The rule-based approach works well when the domain is well-understood and stable. Chess programs used to be built on explicit rules written by grandmasters. Tax preparation software encodes the tax code. But for pattern recognition in complex, changing environments, we need a different approach.

Machine learning inverts the traditional paradigm. Instead of writing rules, you show the computer examples and let it learn the patterns. The same spam filter, built with ML, works like this: collect thousands of emails labeled “spam” or “not spam,” feed them to an algorithm, and let the algorithm learn which patterns distinguish spam from legitimate email. Then apply those learned patterns to new emails. For many problems, it’s easier to collect labeled examples than to articulate rules. This is the key insight: Machine Learning means building models that learn patterns directly from data, rather than being explicitly programmed.

The relationship between inputs and outputs differs fundamentally between paradigms. In traditional programming, a human writes rules, and the computer applies them to data to produce output. In machine learning, a human provides data and desired outputs, and the computer learns the rules.

ML excels when rules are too complex to articulate (recognizing faces, understanding speech, reading handwriting), when rules change over time (fraud patterns evolving as criminals adapt, market regimes shifting), when rules differ across contexts (what predicts returns varies by asset class, time period, and market conditions), or when you have lots of labeled examples that can reveal patterns humans wouldn’t think to look for.

In finance, ML has found applications across many domains: credit scoring (predicting which borrowers will default from millions of loan records), fraud detection (identifying fraudulent transactions from labeled cases), return prediction (identifying which stocks will outperform from historical data and features), and portfolio construction (grouping similar assets from return patterns).

This connects directly to Week 2. We had historical data (S&P 500 returns), wanted to estimate parameters (\(\mu\), \(\sigma\)) and make forecasts (expected wealth), and faced the reality that estimation is uncertain and most predictors fail out-of-sample. Machine learning provides a systematic framework for choosing what to estimate (model selection), measuring how wrong we are (loss functions), finding the best estimates (learning algorithms), and testing whether our estimates generalize (out-of-sample evaluation). This framework doesn’t solve the low signal-to-noise problem—nothing can—but it gives us disciplined tools for working with it.

3 Types of Learning

Machine learning problems fall into three main categories, distinguished by what kind of feedback the algorithm receives.

3.1 Supervised Learning

In supervised learning, you have labeled data: input-output pairs \((\mathbf{x}_i, y_i)\). The feature vector \(\mathbf{x}_i = (x_{i1}, x_{i2}, \ldots, x_{ip})'\) contains \(p\) observable inputs for observation \(i\), and \(y_i\) is the target or label we want to predict. The training set \(\mathcal{D} = \{(\mathbf{x}_1, y_1), \ldots, (\mathbf{x}_N, y_N)\}\) consists of \(N\) labeled examples. The algorithm’s goal is to learn a function \(f: \mathbb{R}^p \to \mathcal{Y}\) such that \(f(\mathbf{x}) \approx y\)—given features, we can predict the target.
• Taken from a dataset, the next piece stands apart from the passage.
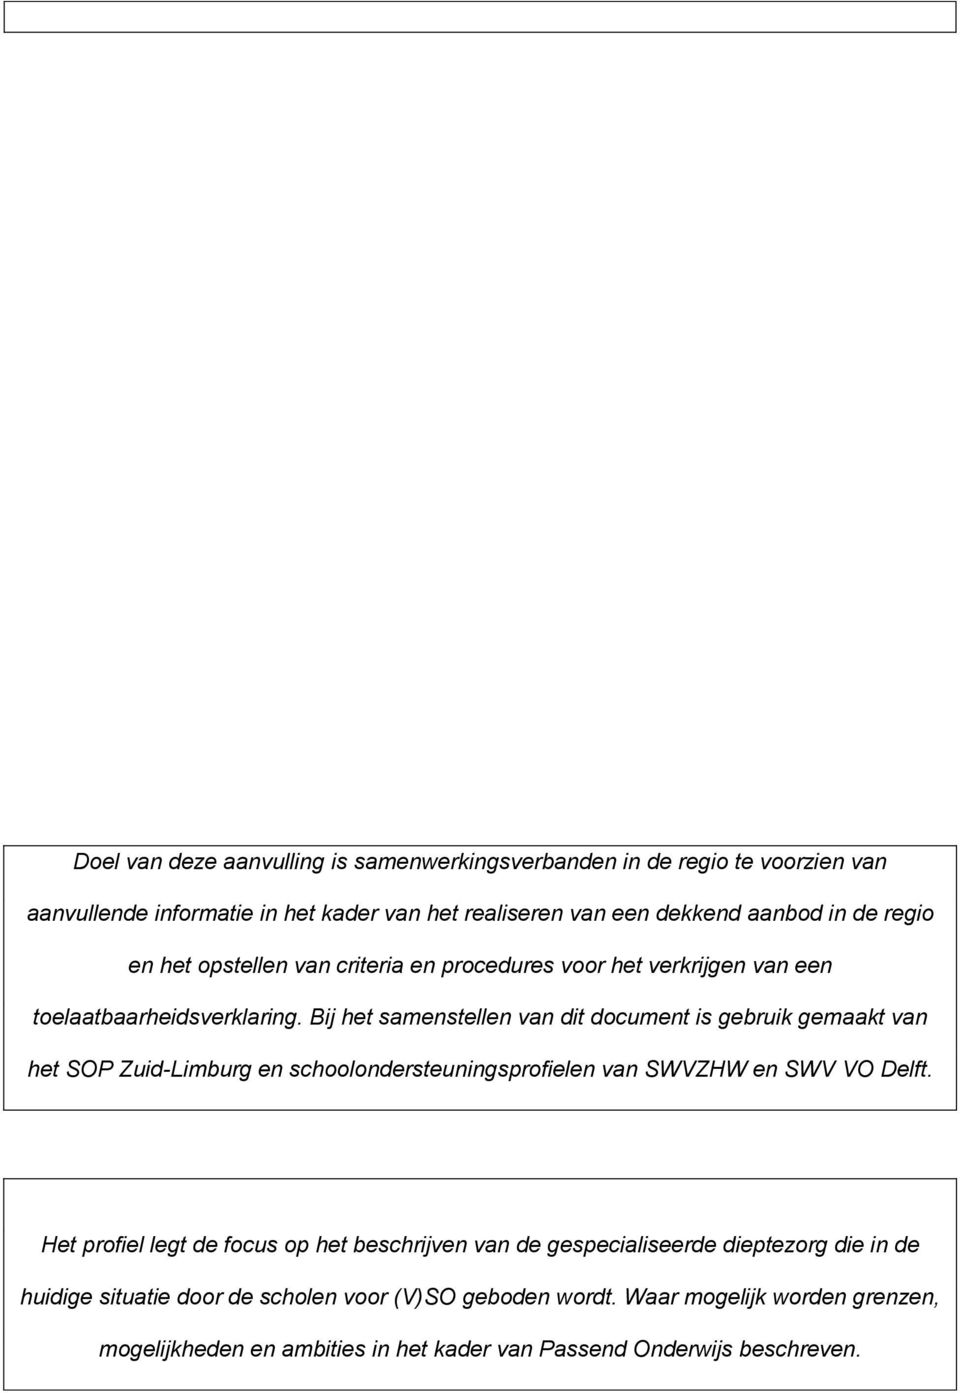 Bij het samenstellen van dit document is gebruik gemaakt van het SOP Zuid-Limburg en schoolondersteuningsprofielen van SWVZHW en SWV VO Delft.

Supervised learning divides into two main types based on what kind of target we’re predicting. In regression, the target is continuous (a real number). We might predict next month’s return, the price of a house, or the volatility of a stock. The goal is to minimize how far off our predictions are. In classification, the target is categorical (a discrete label). We might predict whether an email is spam, whether a borrower will default, or whether to buy, sell, or hold a stock. The goal is to predict the correct category as often as possible.

Finance offers abundant examples of both. Credit scoring is classification: given features like income, debt, credit history, and employment, predict whether a borrower will default or not. Return prediction is regression: given features like P/E ratio, momentum, size, and earnings surprise, predict next month’s return. Fraud detection is classification: given transaction features like amount, time, location, and merchant type, predict whether the transaction is fraudulent or legitimate.

3.2 Unsupervised Learning

In unsupervised learning, you have only input features \(\mathbf{x}\)—no labels. The algorithm’s goal is to discover structure or patterns in the data itself. The key difference from supervised learning is what we’re modeling: supervised learning models \(P(Y | \mathbf{X})\), the distribution of the target given the features, while unsupervised learning models \(P(\mathbf{X})\), the distribution of the features themselves. There’s no target variable we’re trying to predict; we’re trying to understand the structure of the data.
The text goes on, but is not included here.